_Supplied data_:
Content starts

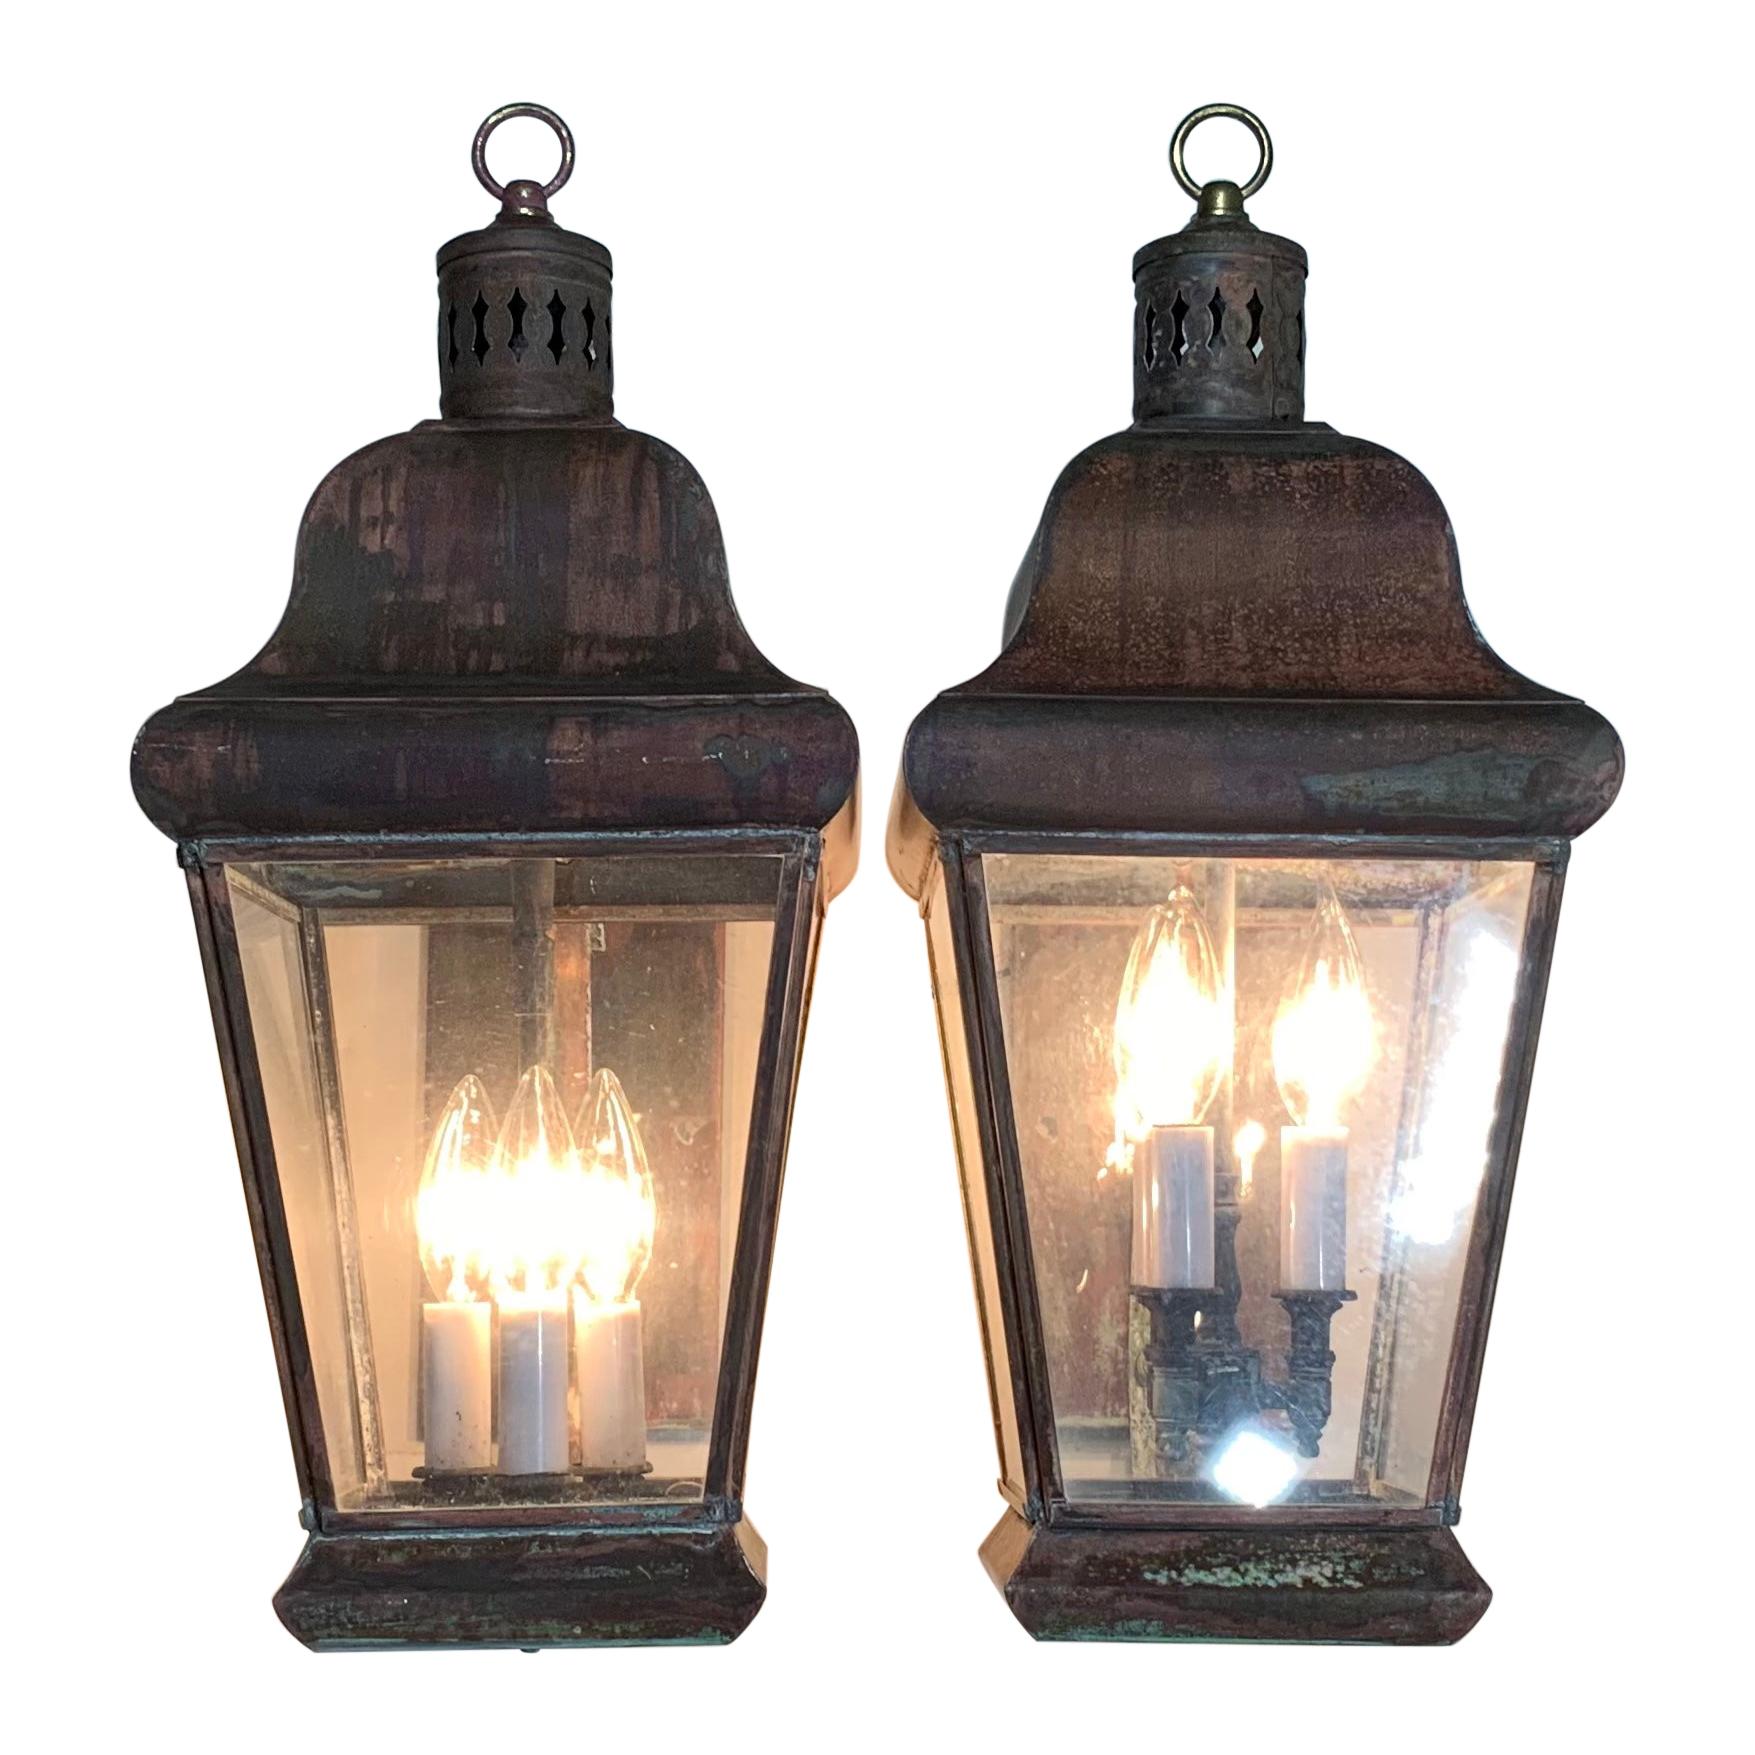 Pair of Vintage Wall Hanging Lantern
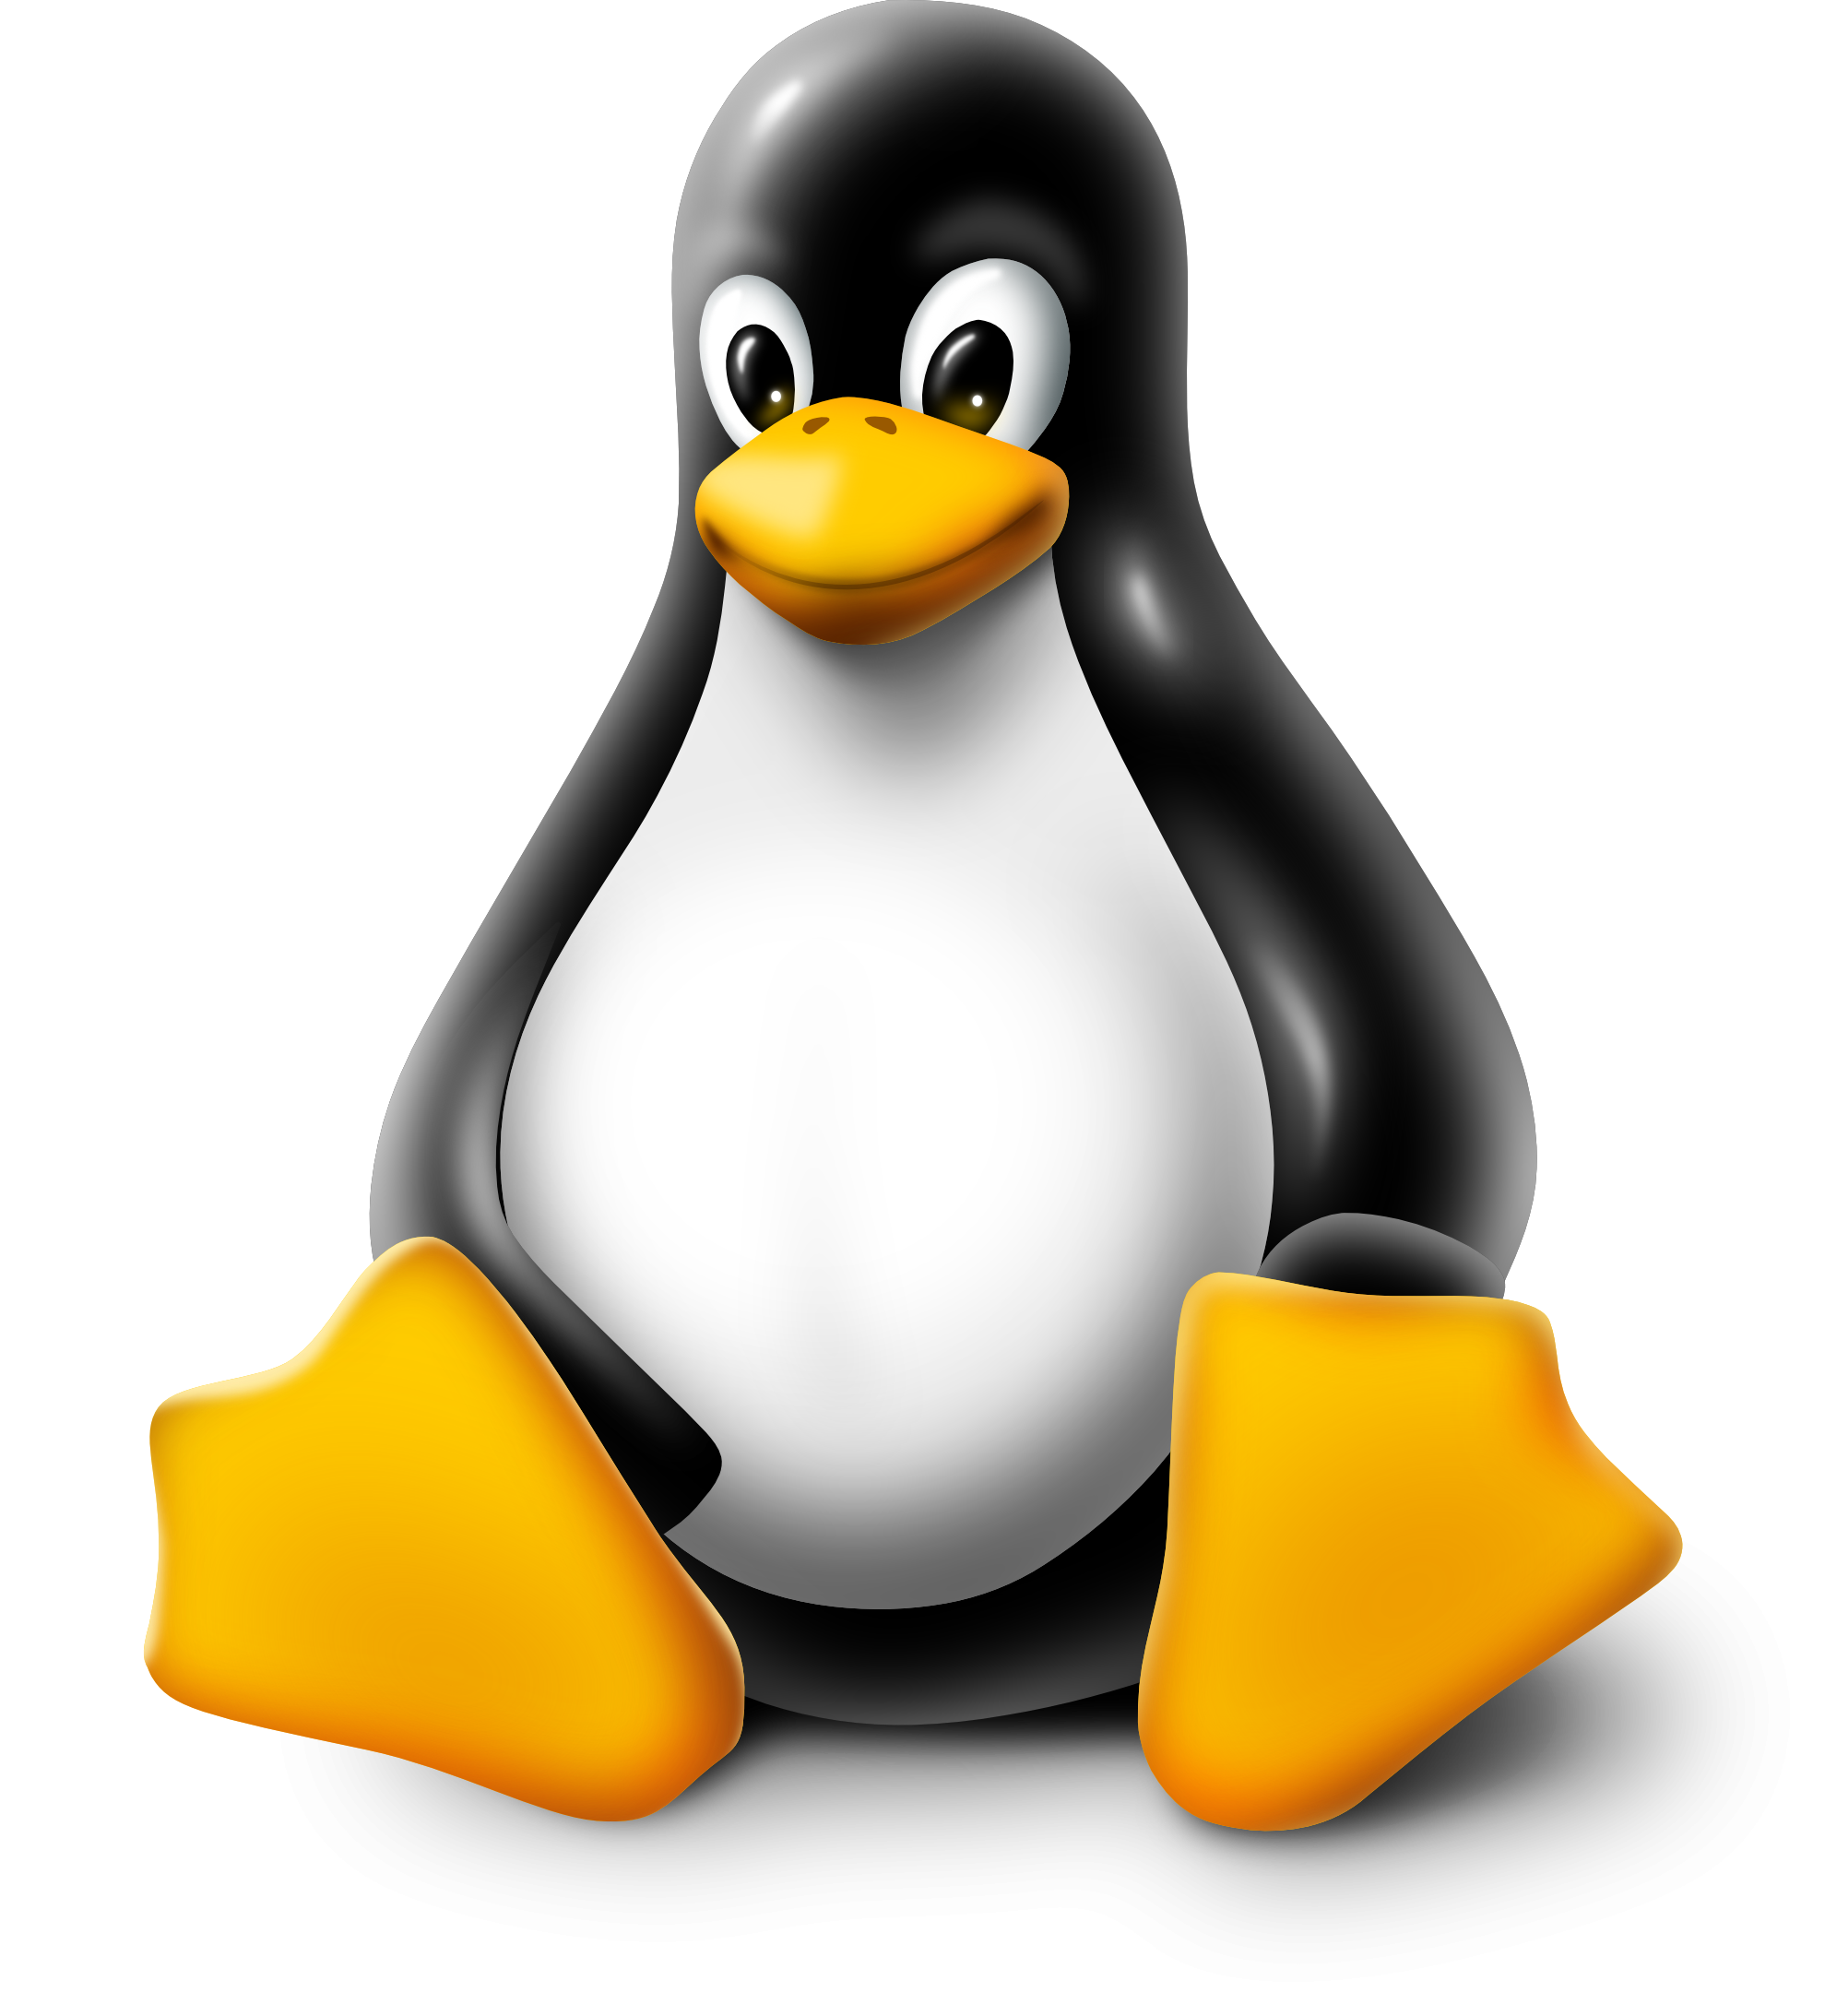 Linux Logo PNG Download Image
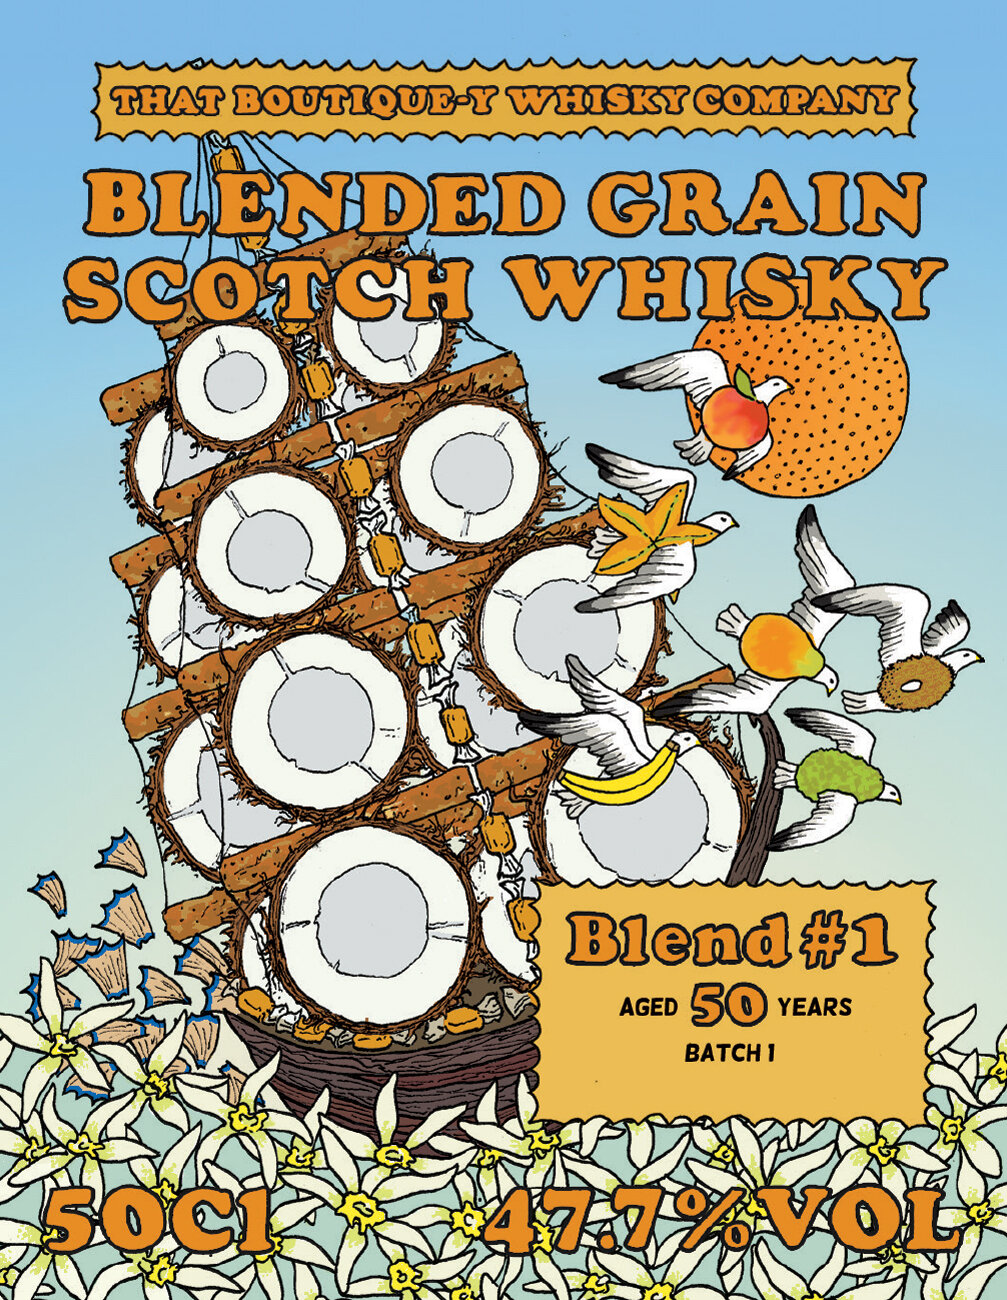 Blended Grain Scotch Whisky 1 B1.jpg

Content ends

_Work order_:
Repeat the listing word for word, but without its pictures.

_Completed task_:
 Pair of Vintage Wall Hanging Lantern
 Linux Logo PNG Download Image
 Blended Grain Scotch Whisky 1 B1.jpg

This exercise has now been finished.